Elsewhere, cracks forced the closure of highways and damage to pipelines cut off water supplies. Hokkaido Electric Power Co. official Yoshihiro Akiyama said it was unclear when power could be restored to the blacked out homes, mostly in and around Kushiro.

Police said one person was injured when a local train carrying about 39 passengers derailed.

Nuclear power facilities on Hokkaido were not affected by the quake, which was centered about 42 kilometers (26 miles) under the seabed.

The quake was the largest to strike so far this year anywhere in the world, according to the U.S. Geological Survey.

On average, there is one magnitude-8, or great, quake a year in the world, USGS geophysicist Brian Lassige said from Golden, Colorado.
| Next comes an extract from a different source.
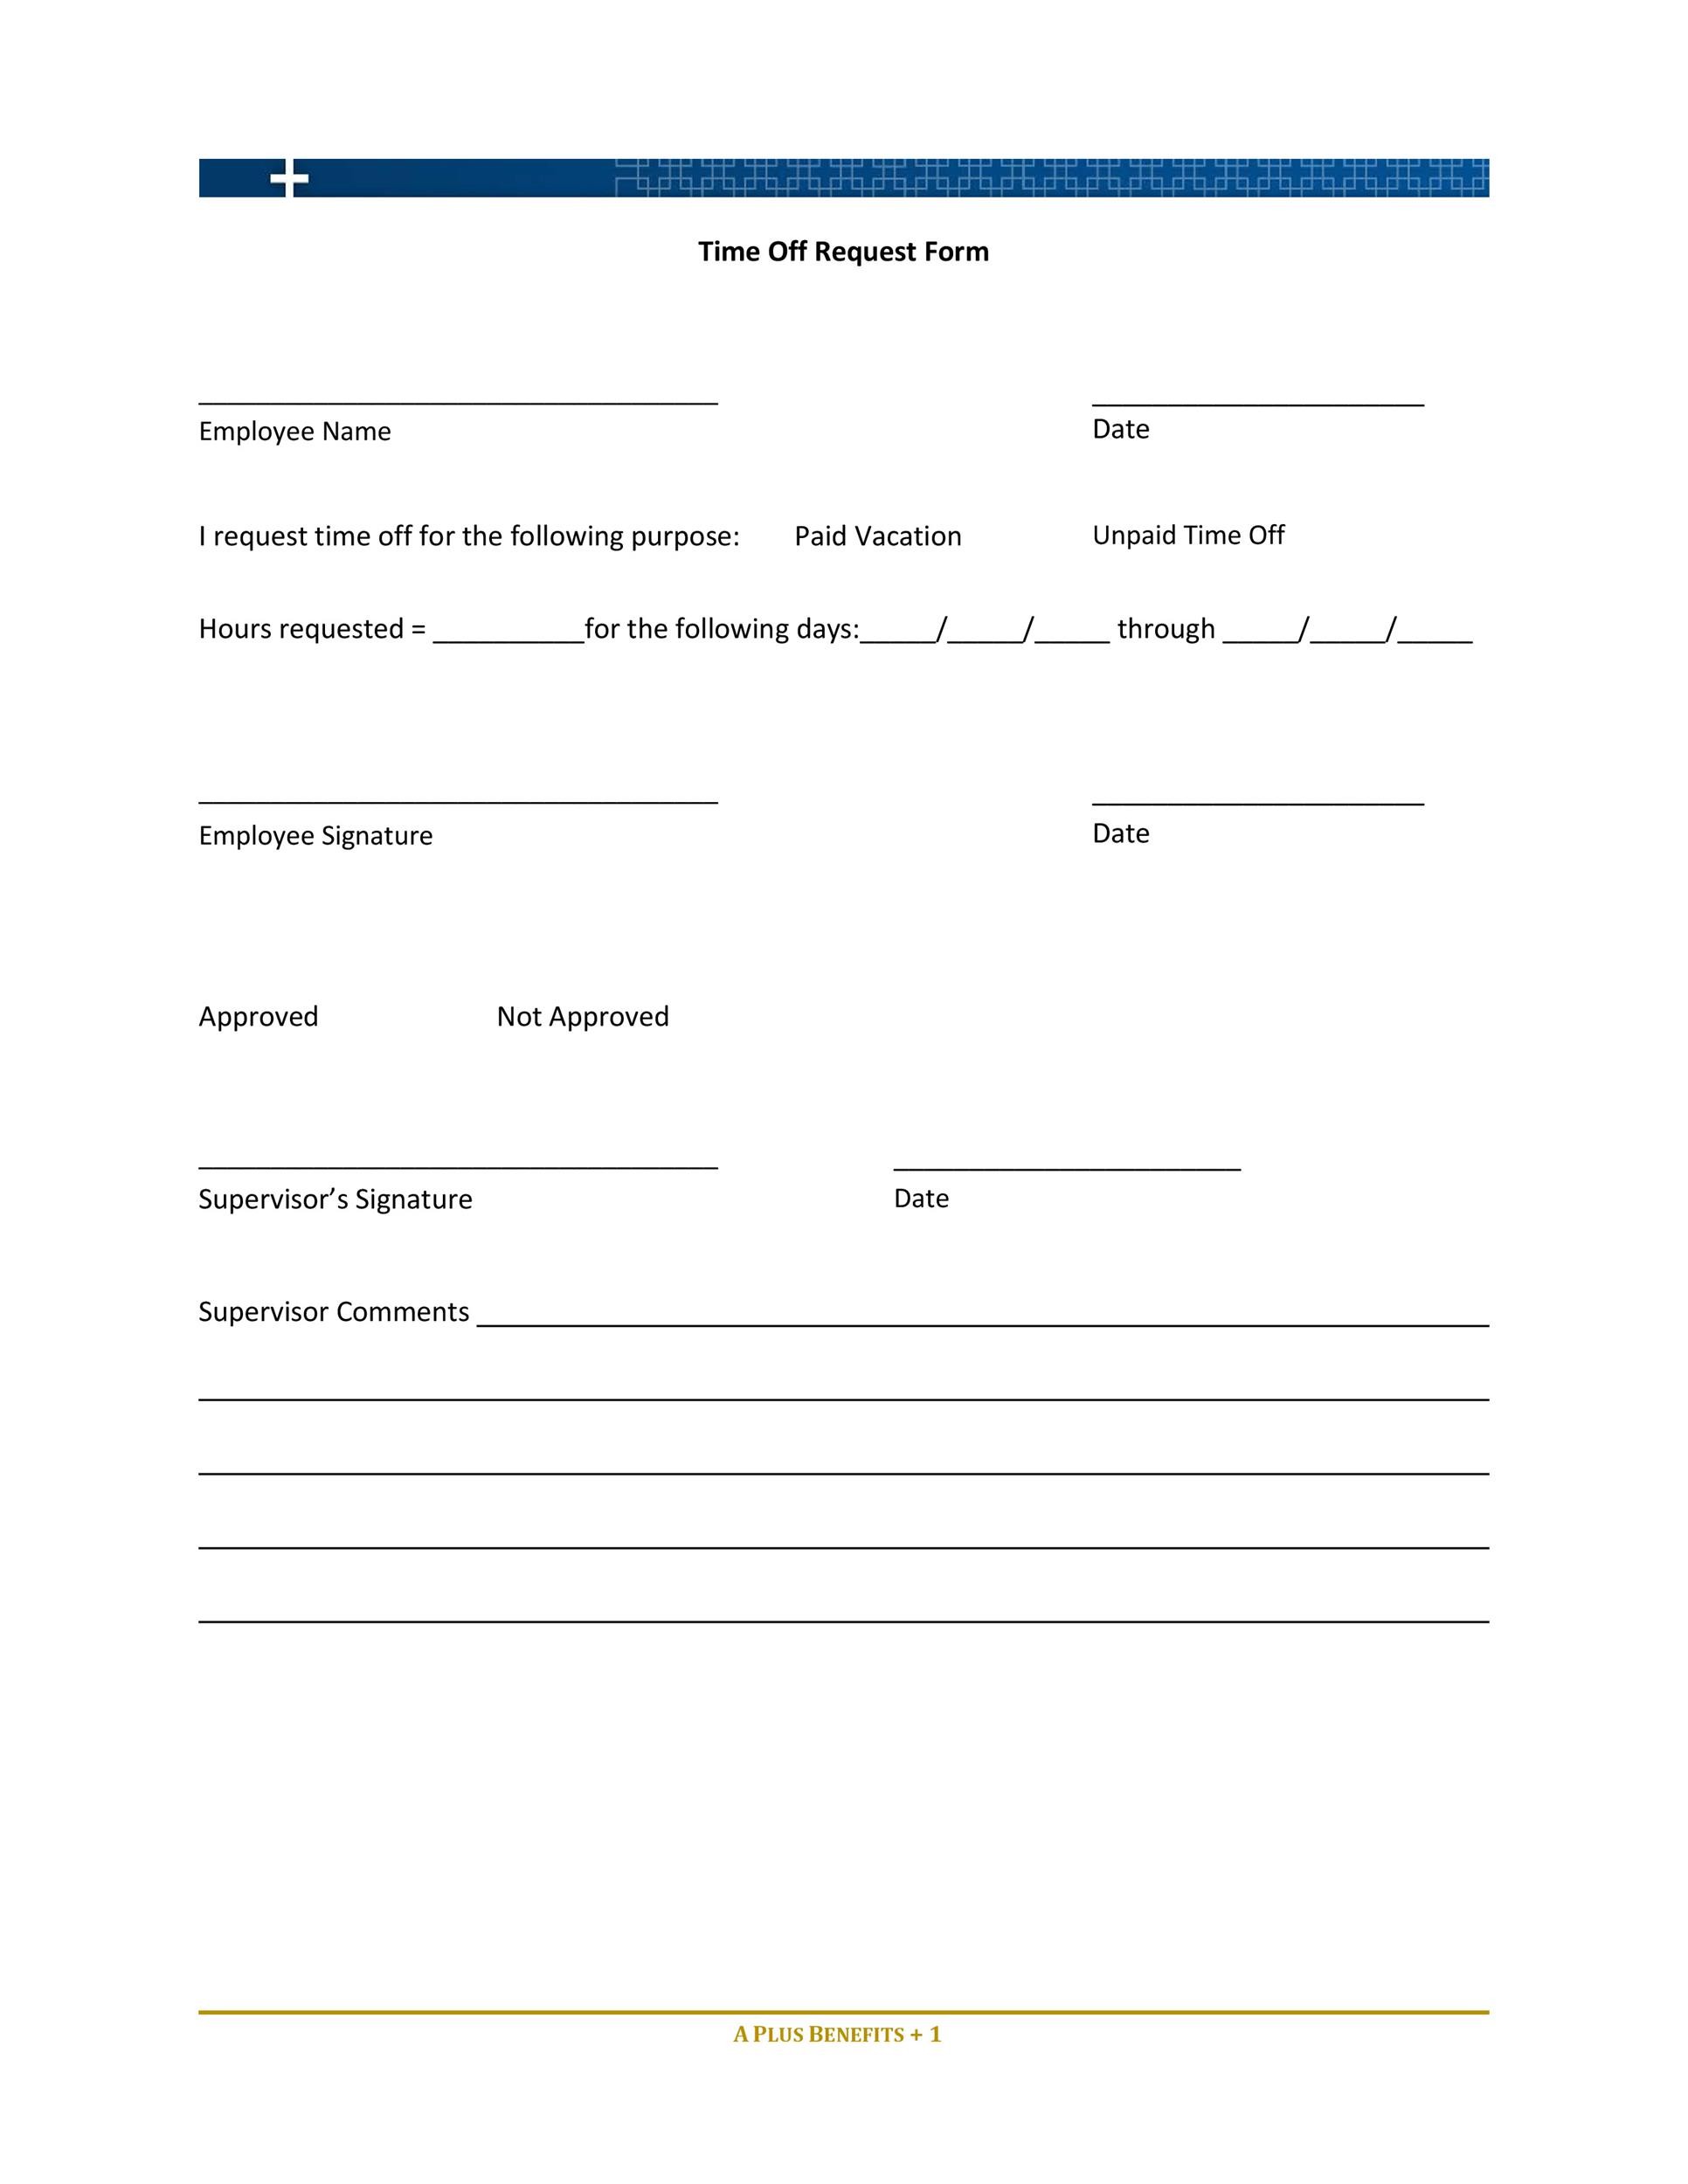 Free time off request form template 36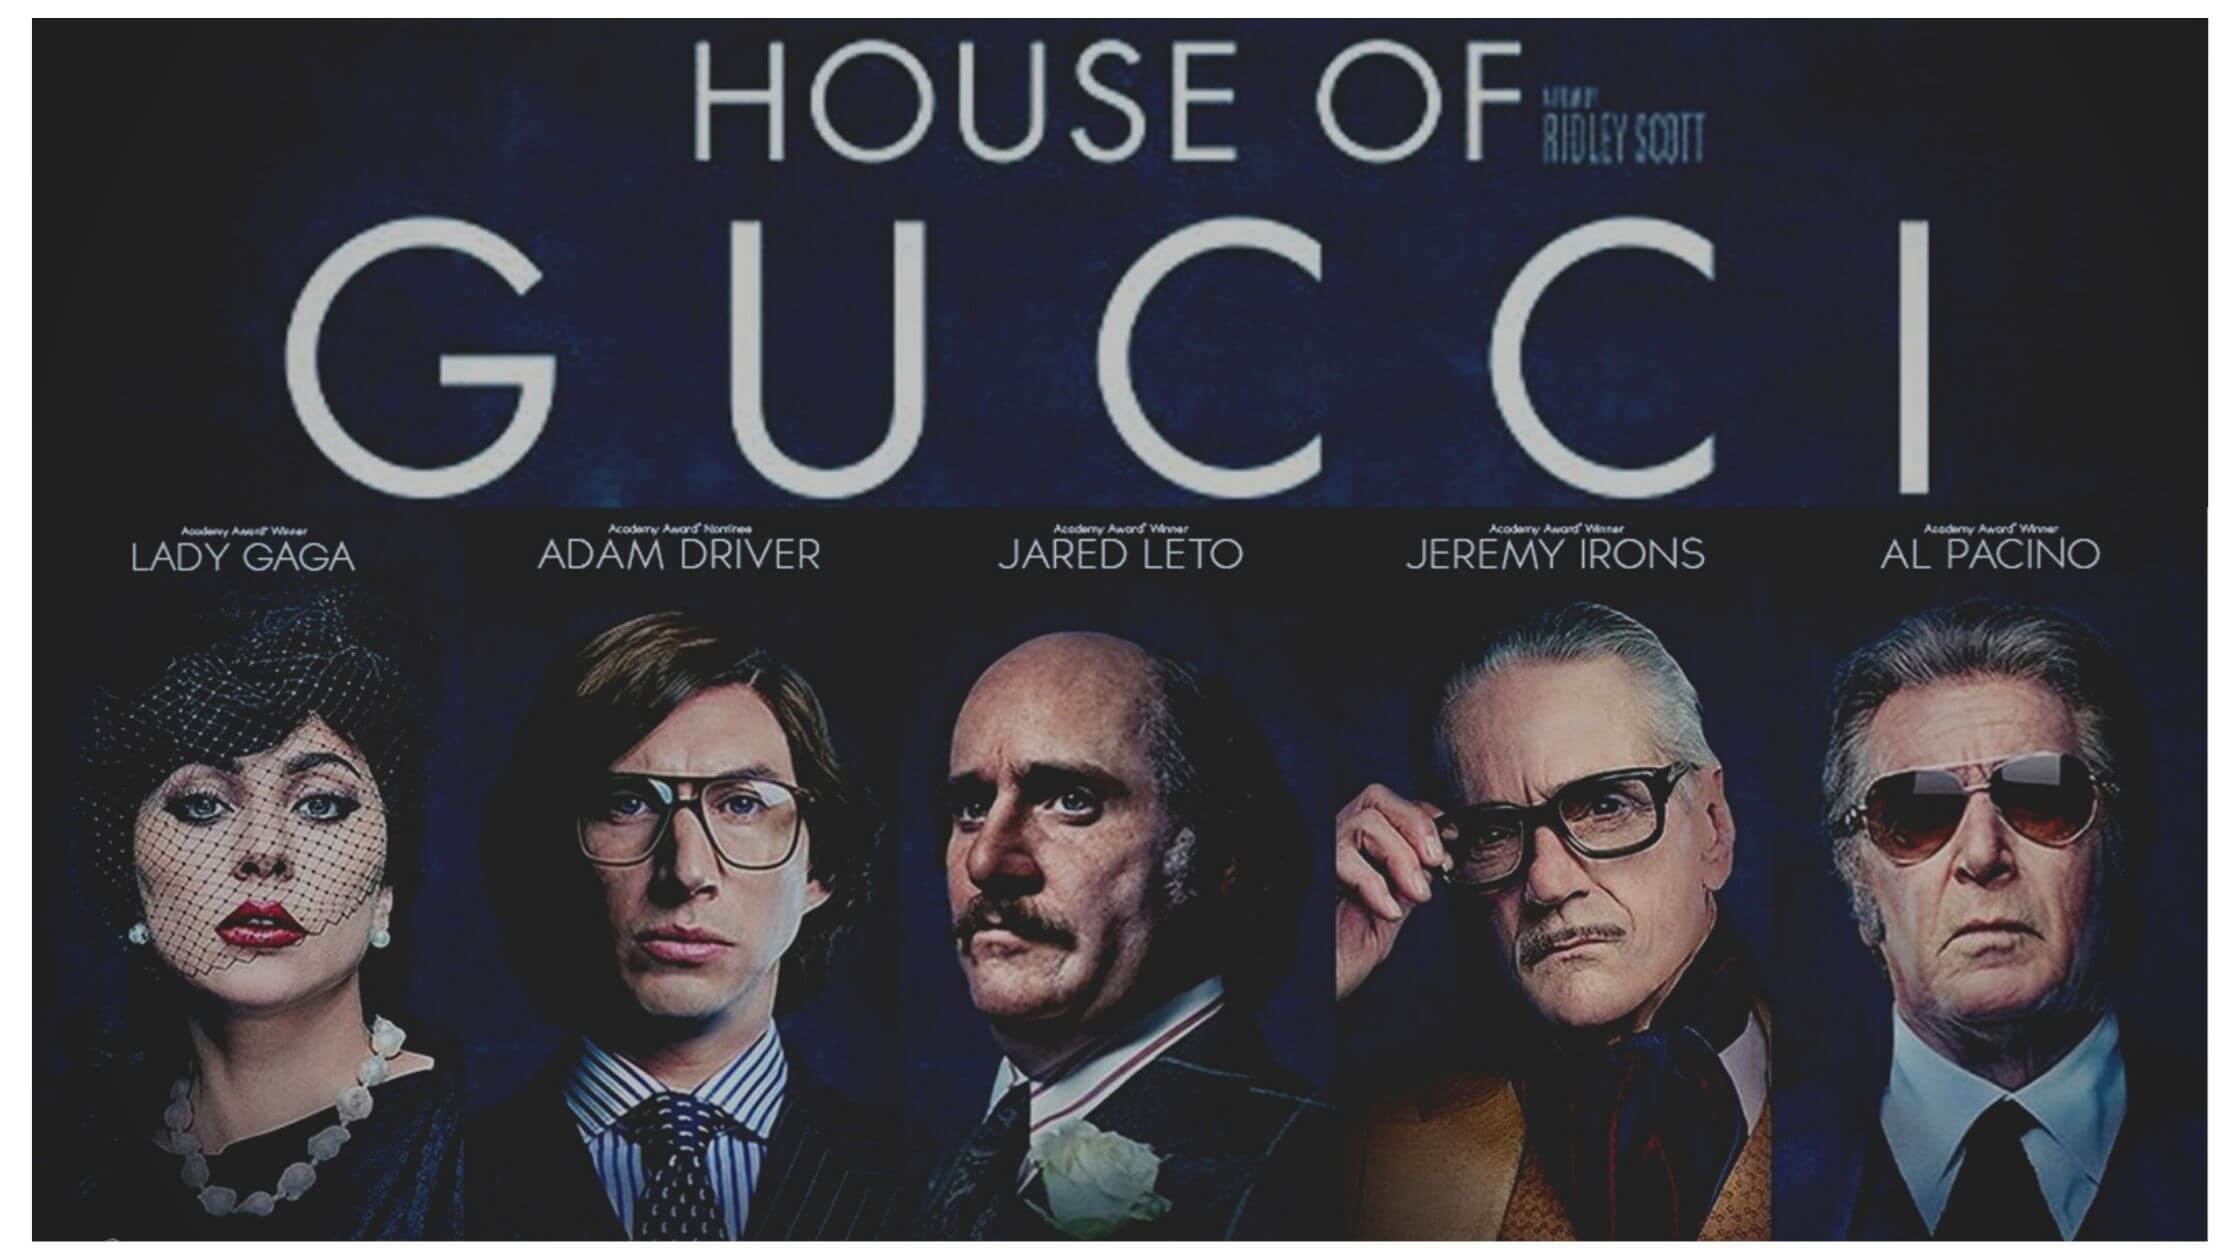 House Of Gucci

The amount of energy released in a magnitude-8 earthquake is equivalent to that contained in 1.01 billion tons of TNT, according to the USGS.

Japan is one of the world’s most earthquake-prone countries. It sits atop four tectonic plates, slabs that move across the earth’s surface.

Earlier this month, Tokyo marked the 80th anniversary of a magnitude 8.3 quake that devastated the city and neighboring Yokohama, killing at least 140,000 people. In January 1995, a magnitude 7.2 temblor in Kobe killed more than 6,000 people.

Hokkaido is the northernmost and most sparsely populated of Japan’s major islands. Sapporo, which hosted the 1972 Olympics, is the prefecture’s capital.

A quake and tsunami on the western side of Hokkaido killed 230 people in July 1993, most on the nearby isle of Okushiri.